We did the same, readying our weapons and getting into position near the old bobcat, but not directly behind it. Close enough that we could dive for the automatic rifles in a pinch.

Headlight passed by the gap between warehouses and the roll of tires stopped on the other side, out of sight.

I cursed Diesel’s lack of foresight in not installing a cam on the roadside, too. I’d have liked even a thirty-second advantage of knowing how many there were before they made their way to the yard.

Diesel seemed to notice his mistake, too, a frown turning down the edge of his mouth for an instant before his all-business mask was tacked back into place. The unfeeling face of the founding Saint.

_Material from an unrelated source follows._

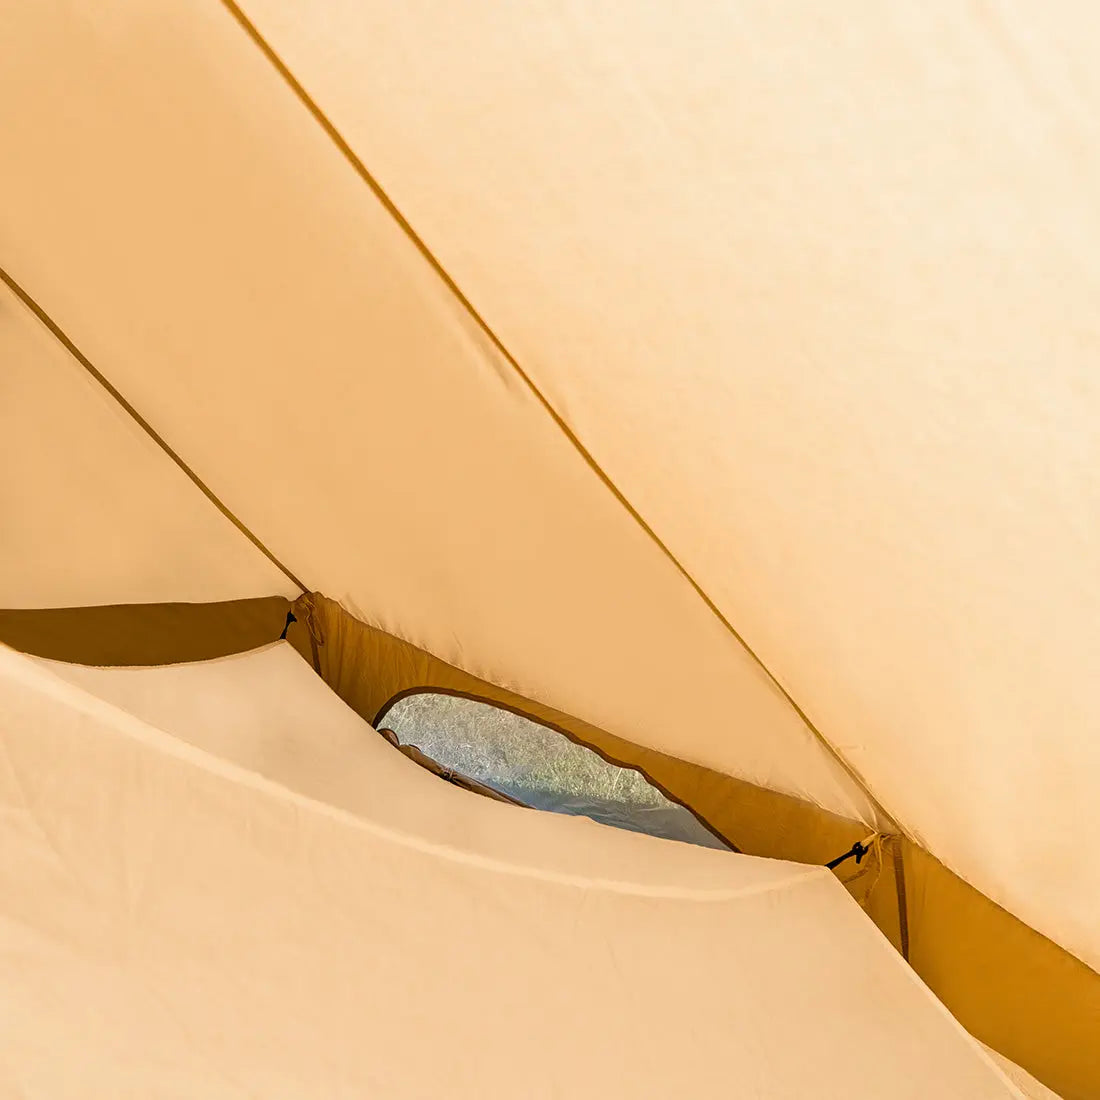 Inner Tent (All Designs)  Boutique Camping dark light blackout

The crunch of boots over dry dirt sounded at the opposite end of the warehouse as the Aces made their way down the alley toward the yard.

Movement in my periphery drew my attention for a heartbeat and I stilled, my hand twitching toward my gun, my mind racing with possibilities of an ambush. My brows lowered as I registered what it was. A reflection in the crooked mirror on the rusted-out bobcat, reflecting the image of the Rover parked at our backs.

The breath was robbed from my lungs as the shadow of legs appeared beneath the chassis.

Shit.

The softest click of a door closing told me the fucker was inside the Rover. Maybe the whole time.

I hedged closer to Dies, ready to give him an elbow and a signal to the threat at our backs when she crept out from behind the sleek black SUV and darted for the tree line.

No.

Fury and dread coiled in my chest, burning and sinking and heavy.

My little sparrow didn’t make a sound as she flew to the trees, concealing herself in their darkness. My eyes jerked to the guys, to Dies, to the Aces piling into the yard across from us.

No one else noticed her.

There was jack shit I could do.

If she was discovered spying, she’d be killed. Or at the very least interrogated to within an inch of her life. My pulse throbbed in my temple and the muscles of my neck stiffened, burning.

Stupid fucking woman.

What the hell was she thinking?

I should have known. Her smell. Her scent had been all over the goddamned Rover, and I chalked it up to another sleepless night. Convinced myself she was driving me insane when all the while the little viper was hidden away in the trunk.

Stupid.

So so dangerously stupid.

Diesel elbowed me, and I blinked, refocusing my attention to where it should be. Squarely at the seven men standing opposite us in the yard.

“Welcome,” Diesel said, lifting his arms, the warm welcome serving the dual purpose of showing them that he wasn’t holding his weapon and telling them that he wouldn’t use it so long as they didn’t give him a reason to. “I think we all know why we’re here, so let’s get to it, shall we?”